Long Combo strategy simulates the action of buying a stock or futures but at a fraction of the stock price. It is an inexpensive trade similar in pay-off to Long Stock—except there is a gap between the strikes.
This is a fairly complex options strategy. It requires that the trader knows how options move with the underlying, and more importantly, how selling out of the money (OTM) put options and buying out of the money (OTM) call options can have an impact on the trade. The secret to a successful trade is to ensure that the timing of the trades is done in tandem and that the correct strike prices are chosen. It is important to note that the risk is unlimited since you are selling a OTM Put option (anytime you sell a put option your risk is unlimited).
The stratey can work out very well. As the stock price of the underlying rises the strategy starts making profits as both the OTM Call and the OTM Put generate profits together.
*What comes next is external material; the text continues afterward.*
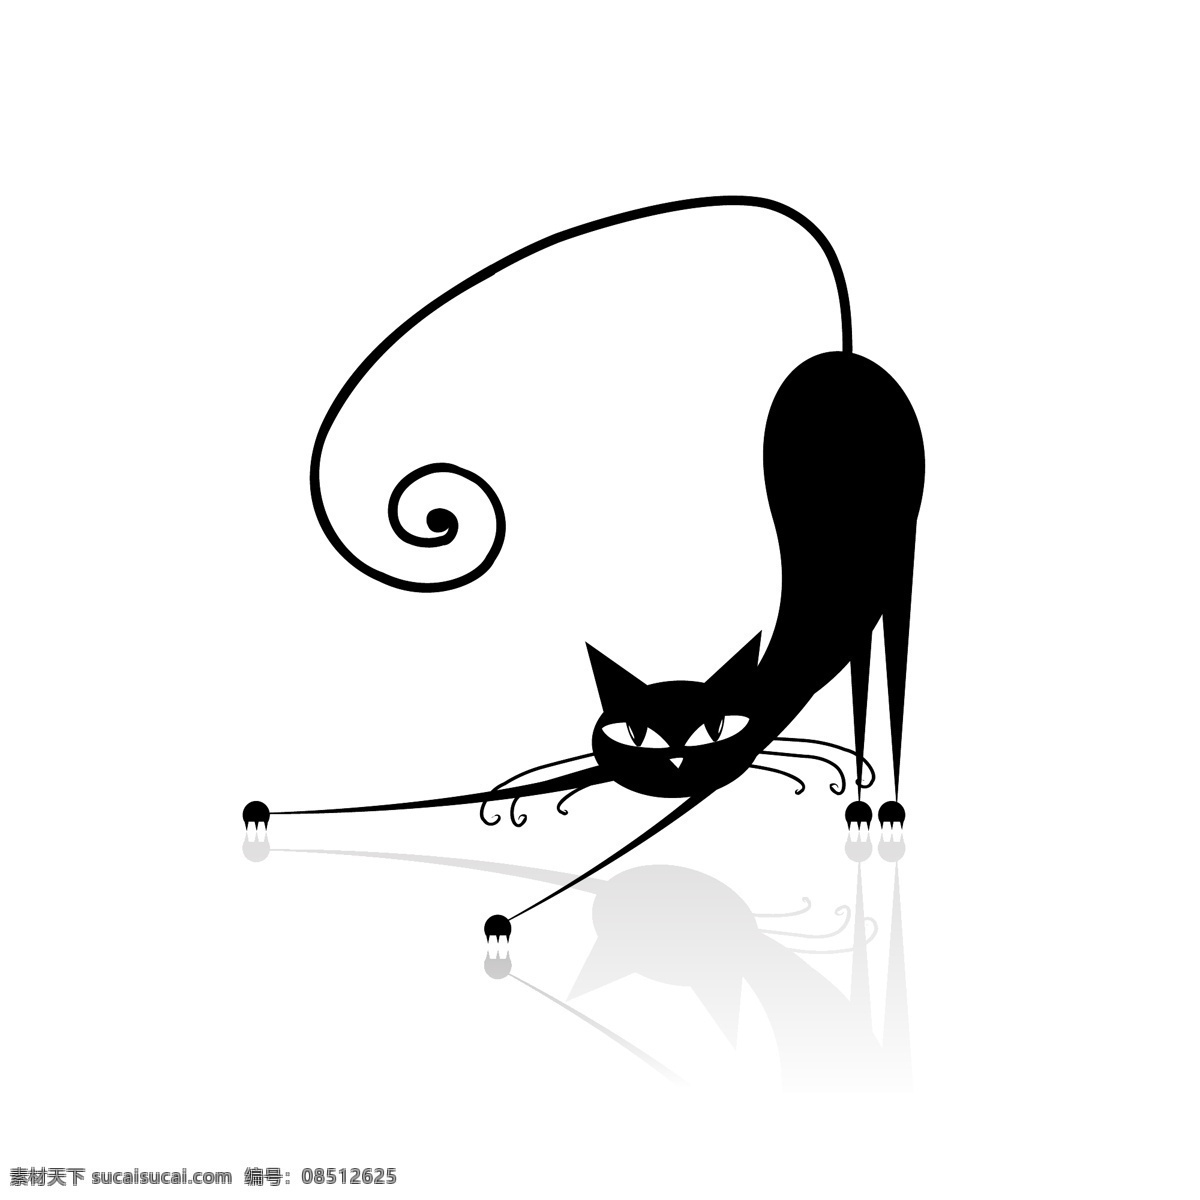 黑色的猫 卡通 动物 可爱 卡通生物 猫 黑猫 伸懒腰 陆地动物 生物世界 矢量素材 白色
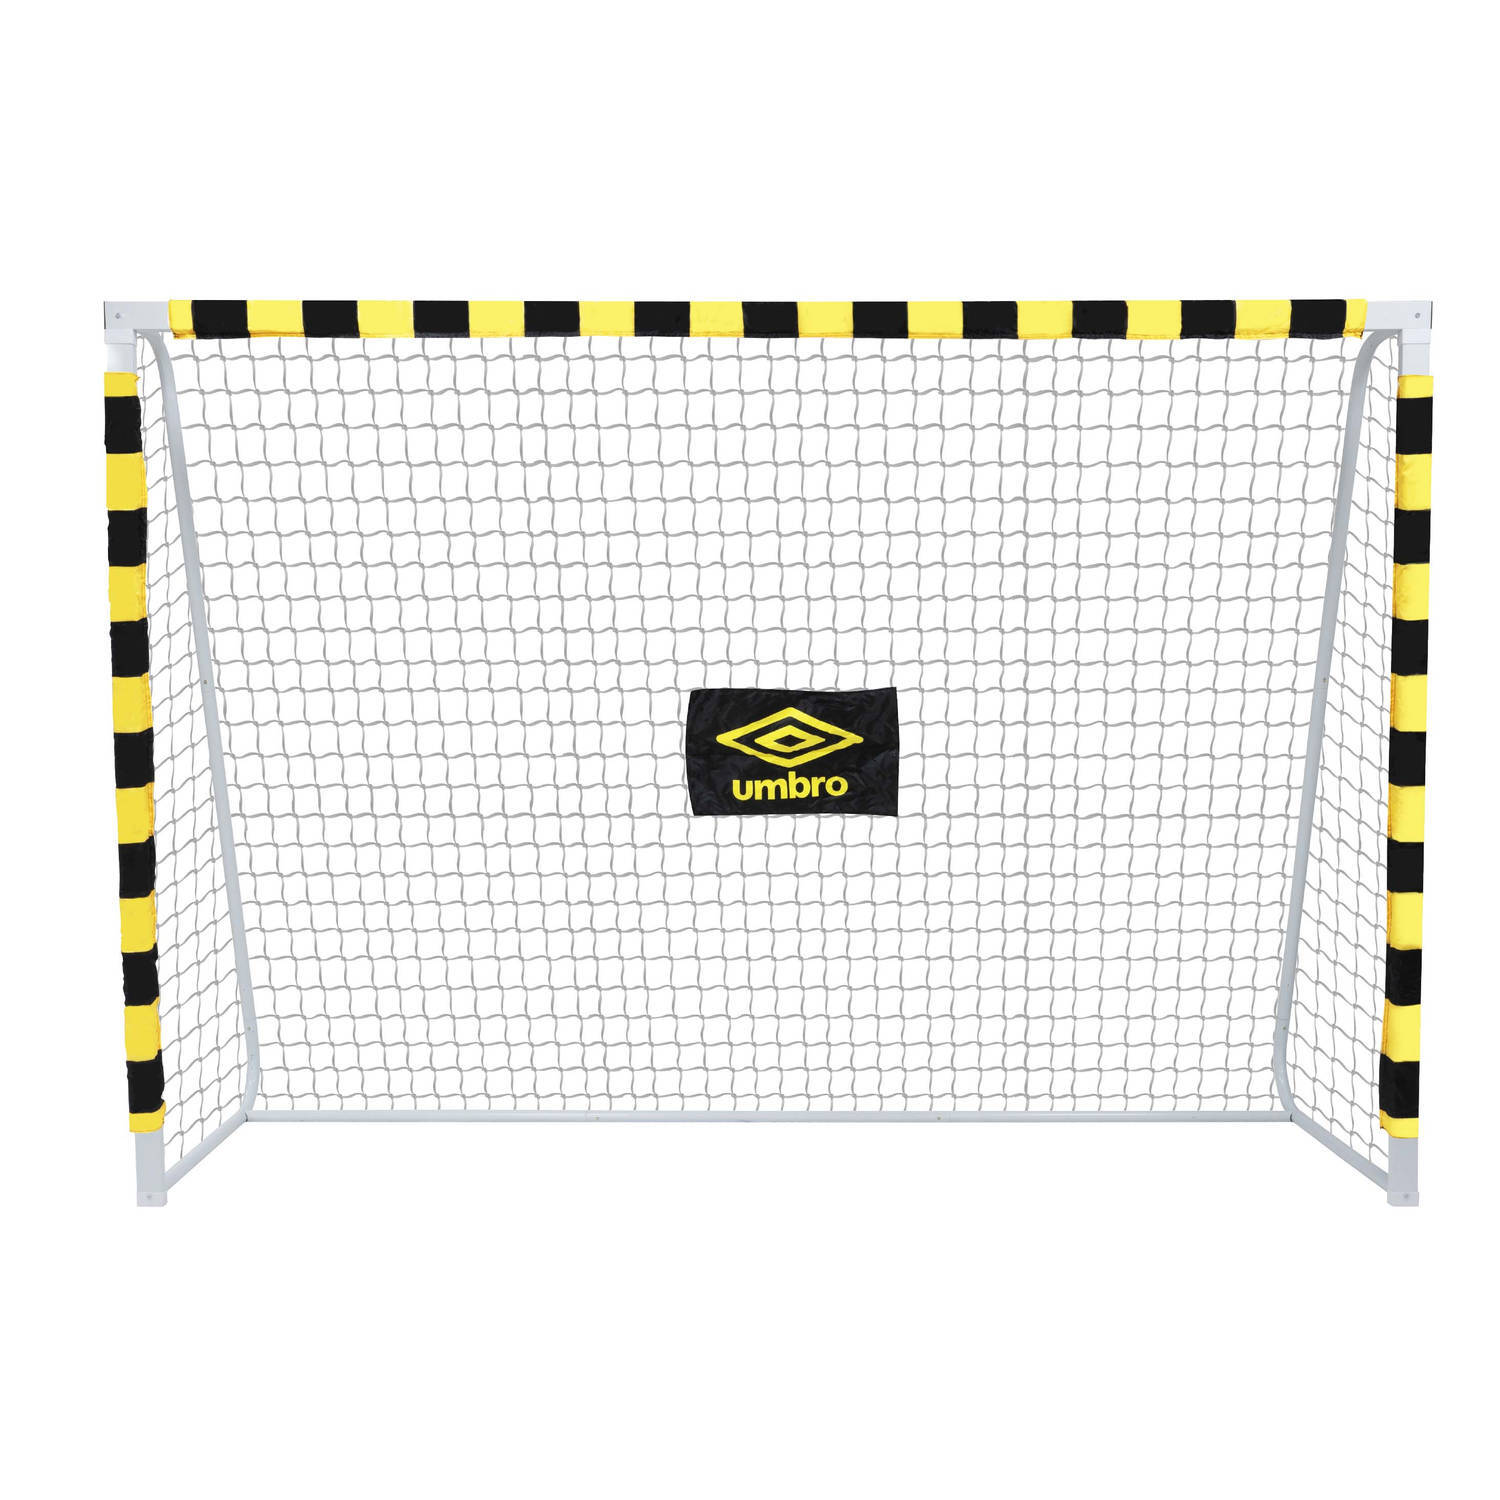 Umbro voetbaldoel - 300 x 200 x 90 cm - metaal - voetbaltrainingsmateriaal - makkelijke montage - zwart/geel

Let us try an understand Long Combo with an example.
When to use: Investor is Bullish on the stock.
Risk: Unlimited (Lower Strike + net debit)
Breakeven: Higher strike + net debit
A stock ABC Ltd. is trading at Rs. 450. Mr. XYZ is bullish on the stock. But does not want to invest Rs. 450. He does a Long Combo. He sells a Put option with a strike price Rs. 400 at a premium of Rs. 2. The net cost of the strategy (net debit) is Rs. 1.